Practice Makes Perfect, Right?

Everyone who speaks much English knows the expression practice makes perfect. However, I find the expression “perfect practice makes perfect,” generally attributed to Vince Lombardi, is more useful. Most of my experience with it comes from the equine world, but this modified expression applies equally well to the world of writing.

Perfecting Our Practice

 

A Concrete Example

Let me start with an equine example. If you don’t like or know horses, don’t worry. I try to keep out the technical details and just keep it simple.

Say I am working with a horse and we need to back up in a straight line. So every ride, I back my horse and she swings her butt to the right. I say what the heck, she backed up, right? Practice makes perfect. So I do it again and again, her butt swinging right each time. We get tired and quit for the day. The next day we repeat. And the day after. Each time her butt swings right.

Do you see the problem here? I may think I’m practicing and getting better at backing, but instead I’m teaching my horse to swing her butt to the right while backing. The more we repeat the exercise wrong, the more I engrain those bad habits. And not just in her. There’s a reason she’s swinging her butt–I’m telling her to. So whatever it is I’m doing that isn’t good enough, I’m building muscle memory to do the wrong thing. If I get on another horse, it’s very likely I would quickly train him to swing his butt right as well, since I’m so used to a right butt swing back.

Here’s where perfect practice comes in. It doesn’t mean every try is perfect, but it does mean we improve over all. Say instead of repeating the same thing over and over, I’m working to back better. My horse swings her butt right, but each time just a little bit less. Sometimes I overcompensate and her butt goes left. I praise the heck out of every try that goes better than before and ignore the occasional oopsie. I quit for the day before we’re exhausted and drained, and I mix in plenty of exercises we’re better at so we don’t get down on ourselves. That’s perfect practice. As long as I keep making progress, we’re doing it right.

Back to Writing

So how does this apply to writing? The idea is the same. We need to keep making progress if we’re going to have that perfect practice. Sometimes we focus on one particular area, accepting more flaws in others. That’s okay, as long as we keep on getting better somehow. Ideally we maintain some awareness of what’s being let go of in the process, so we don’t “forget” what still needs work.
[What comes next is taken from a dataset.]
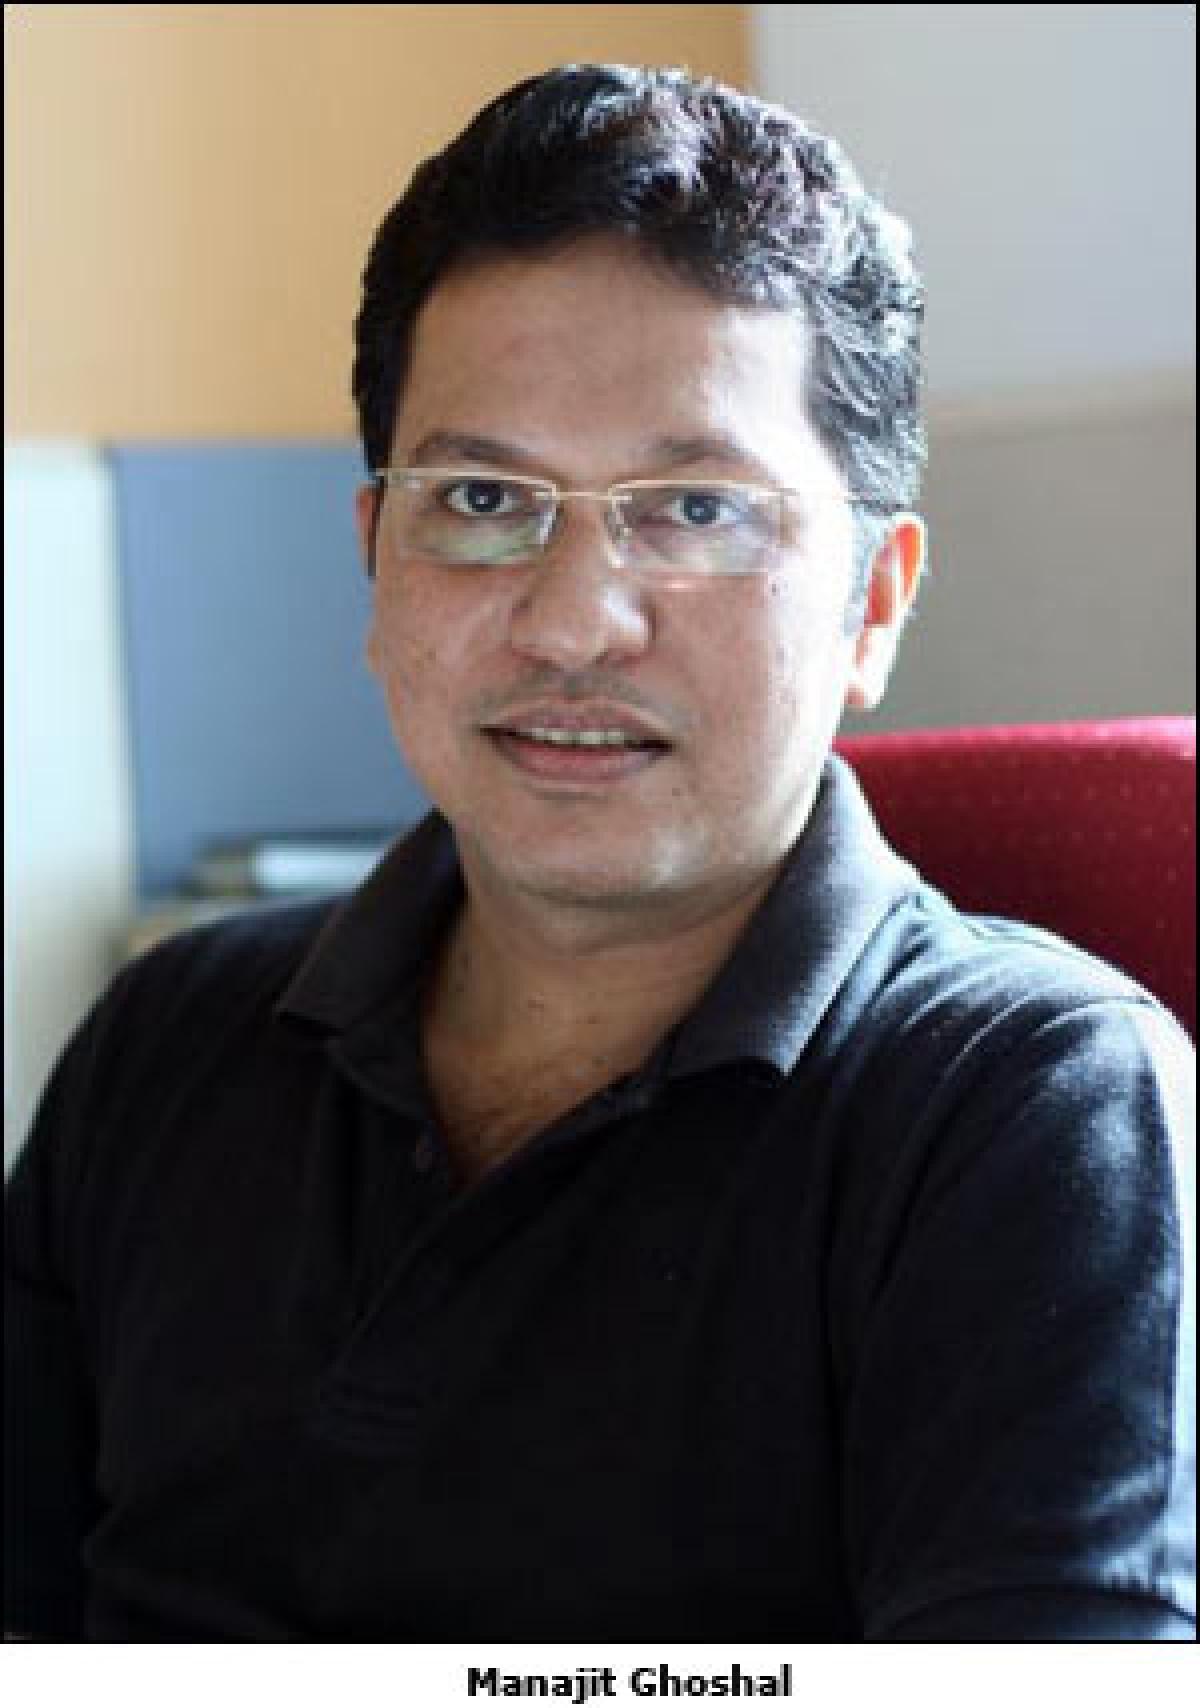 Manajit Ghoshal launches Media Lounge

[epq-quote align=”align-right”]Any time we allow ourselves to do the wrong thing over and over without improvement, we engrain that bad habit. Once those habits are thoroughly engrained, it’s going to take a lot more effort to remove them.[/epq-quote] Any time we allow ourselves to do the wrong thing over and over without improvement, we engrain that bad habit. Once those habits are thoroughly engrained, it’s going to take a lot more effort to remove them. At the same time, we need to allow ourselves room to make mistakes. We can’t do everything right at once in the beginning. And there will always be room for improvement in our work, even when we’re best-selling authors. Becoming overly critical is as dangerous to our growth as being insufficiently critical.

We need to balance our challenges with successes, our awareness of our flaws with equal awareness of our strength. We need to accept that some days are harder than others and some skills come more easily than others. Our focus needs to be on the progress we do make more than on the progress we still need to make.

Unlike the horse example, where there is a concrete guideline of straight versus crooked, writing is more diffuse and fluid. Something might be right one time but absolutely wrong another. If we want to improve as writers, we really need a skilled editor or a competent peer review group to improve. Because we easily become blind to our own flaws and strengths, having other eyes point them out helps us grow more quickly and completely.

Remember that every writer is different. An exercise that fails for one person might be just right for someone else. The only way to know is to evaluate the progress, preferably by having people who are honest with you tell you if it’s working. A writer whose skills are improving will continually turn in better drafts. Sure, we can have bad days where things go wrong. Or we might let our focus slide on one skill while it’s aimed at another. But overall we’re making progress somehow.

As my previous horse instructor, Ron James, says, “Progress–not perfection.” As writers we want as close to perfection as we can get on those final drafts before we post, submit to a publisher, or self-publish, but in between, we just need progress on each revision, whether it takes one or twenty or a hundred.

A Series Is Born

My goal here is not to give you a bunch of vague theory, but to provide concrete examples of ways to improve our practice methods. I also want to look at ideas for concrete tools for problems many of us face at one time or another.

Do I know everything? Definitely not. I’m learning here just like you are. I am simply trying to share some of the experience I do have and I hope to learn from the experiences others of you have. I also want to make sure you’re being honest with yourself about how you practice. My hope is that the series can expose some of you to ways to turn some of your struggles into success, whatever they may be and whatever tools you find are most effective for you.